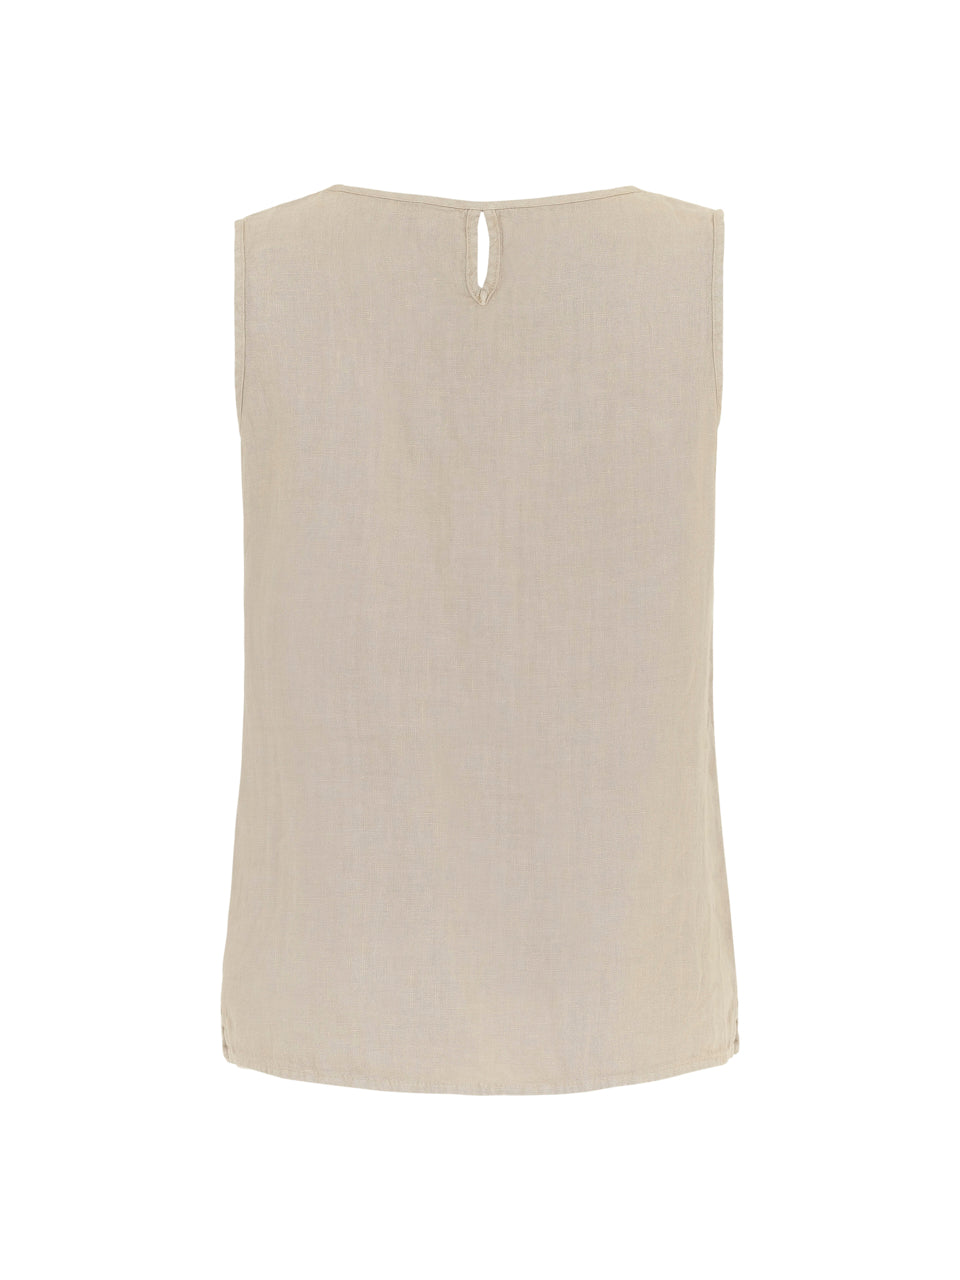 Dolcezza linen vest in beige
Product code 24250
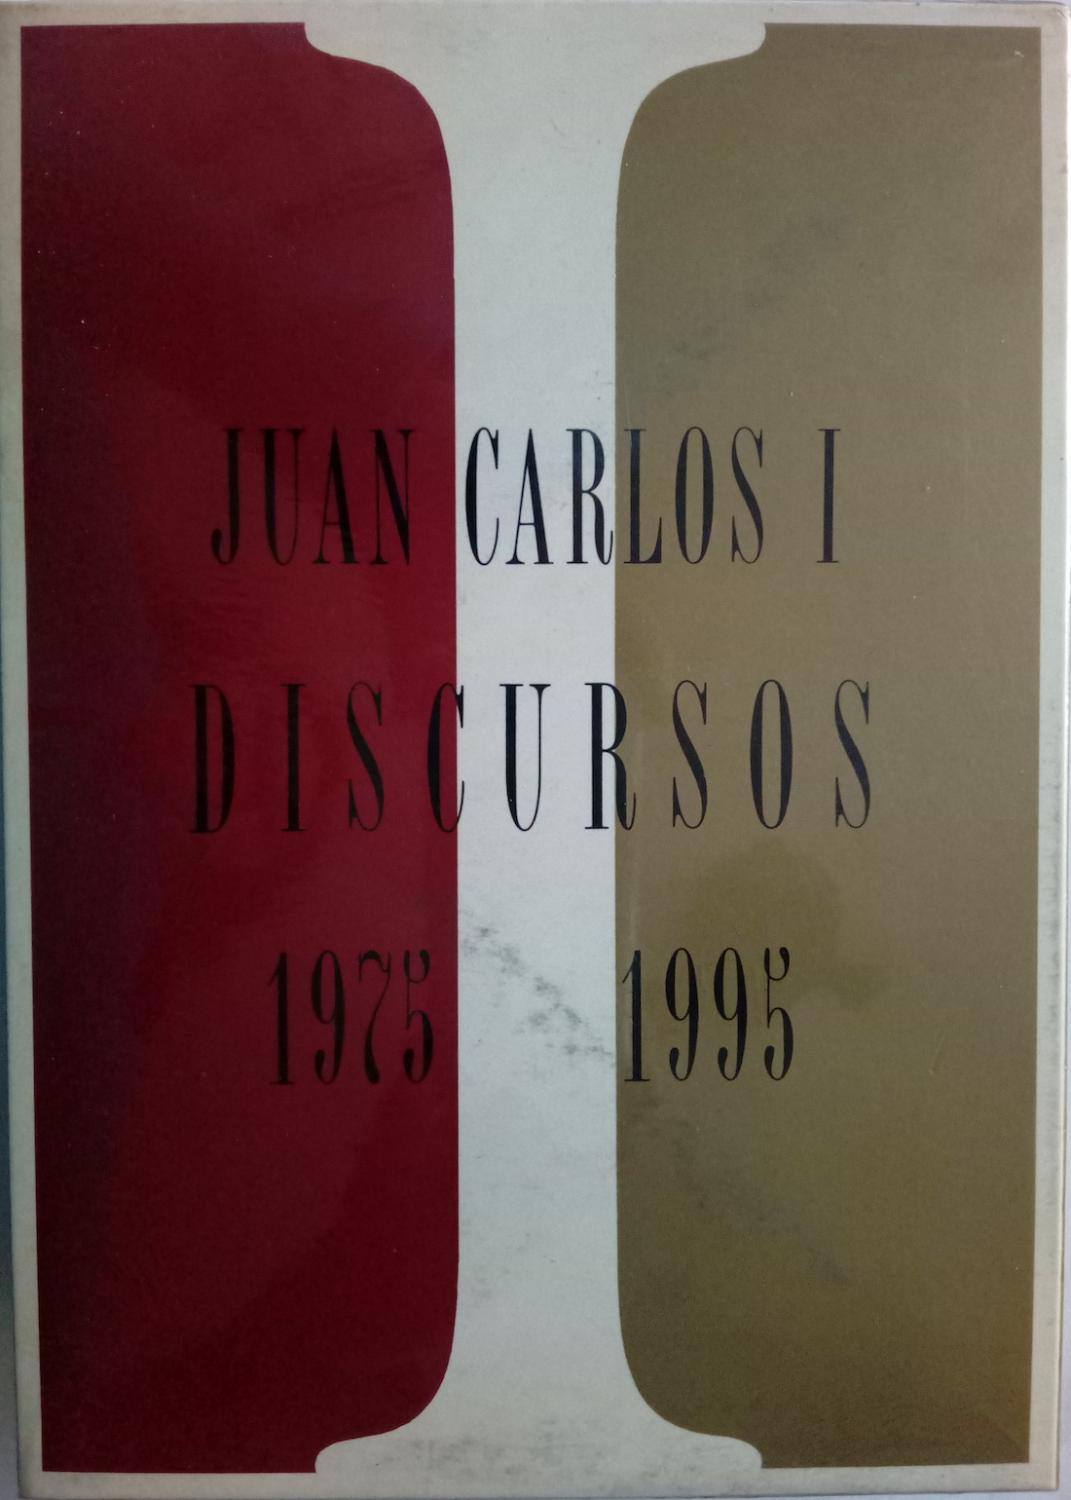 Juan Carlos I. Discursos 1975-1995
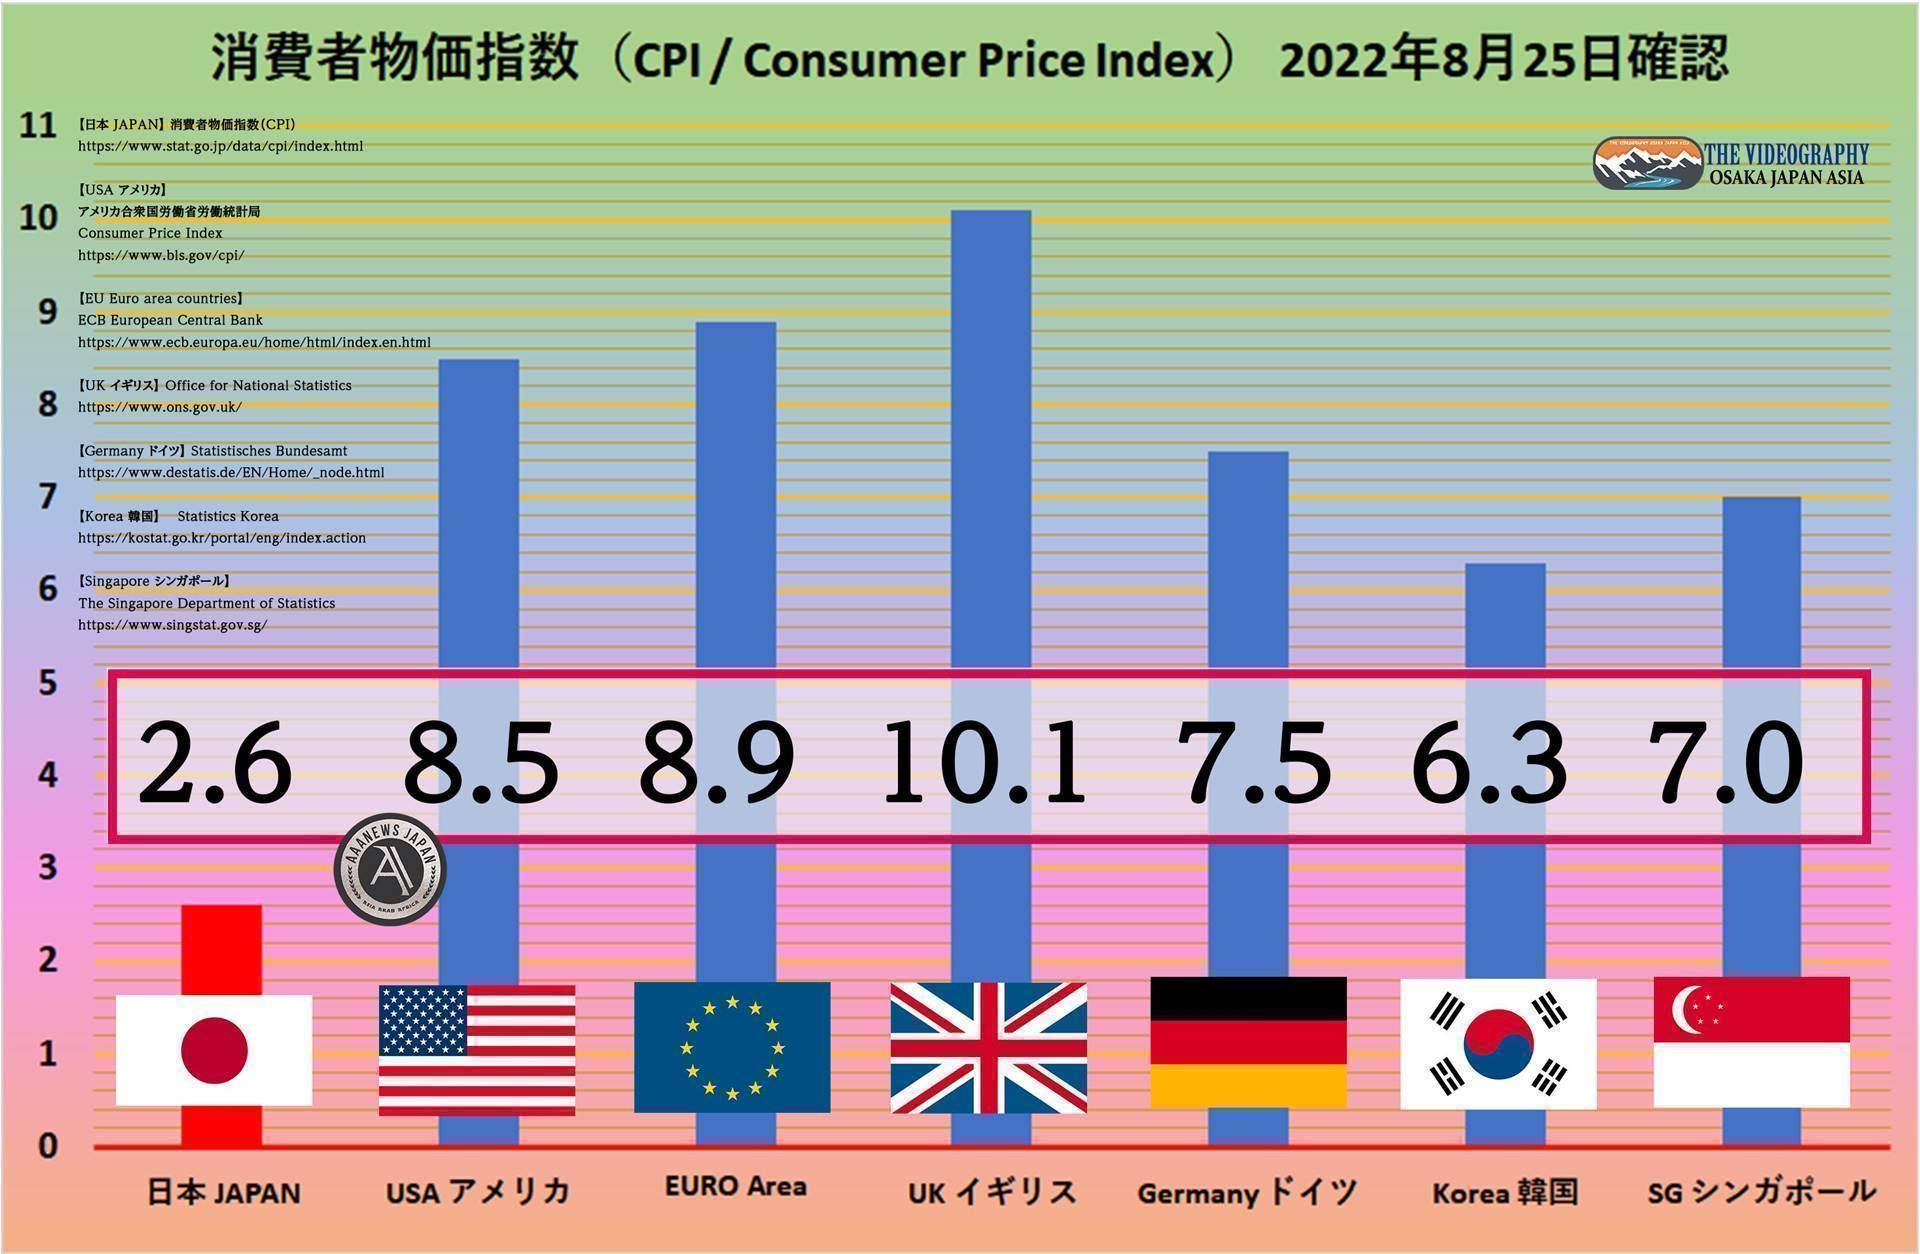 世界の消費者物価指数（CPI / Consumer Price Index） 総合指数・日本 2.6%、アメリカ 8.5%、EURO Area 8.9%、イギリス 10.1%、ドイツ 7.5%、韓国 6.3%、シンガポール 7.0% 
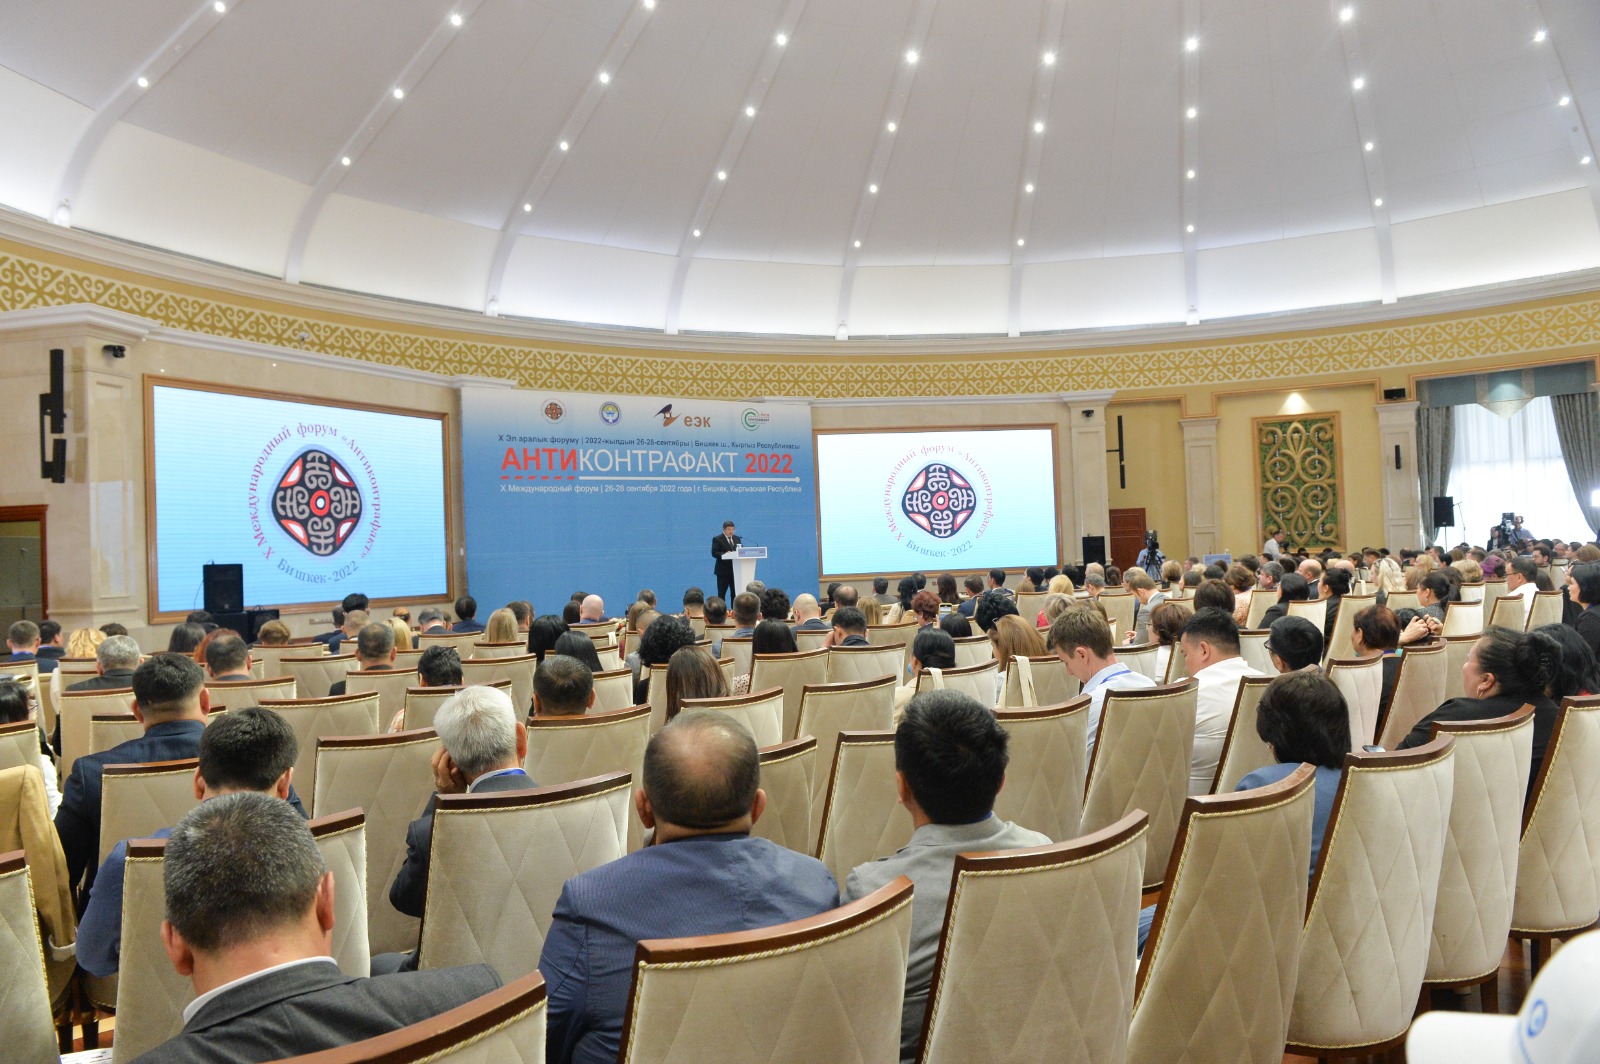 Международный форум «Антиконтрафакт 2022» прошел в Бишкеке в сентябре 2022 года

● **Exercise directions**
If a record holds a picture, skip the picture and write out everything else exactly.

● **Completed task**
 Dolcezza linen vest in beige
Product code 24250
 Juan Carlos I. Discursos 1975-1995
 世界の消費者物価指数（CPI / Consumer Price Index） 総合指数・日本 2.6%、アメリカ 8.5%、EURO Area 8.9%、イギリス 10.1%、ドイツ 7.5%、韓国 6.3%、シンガポール 7.0% 
 Международный форум «Антиконтрафакт 2022» прошел в Бишкеке в сентябре 2022 года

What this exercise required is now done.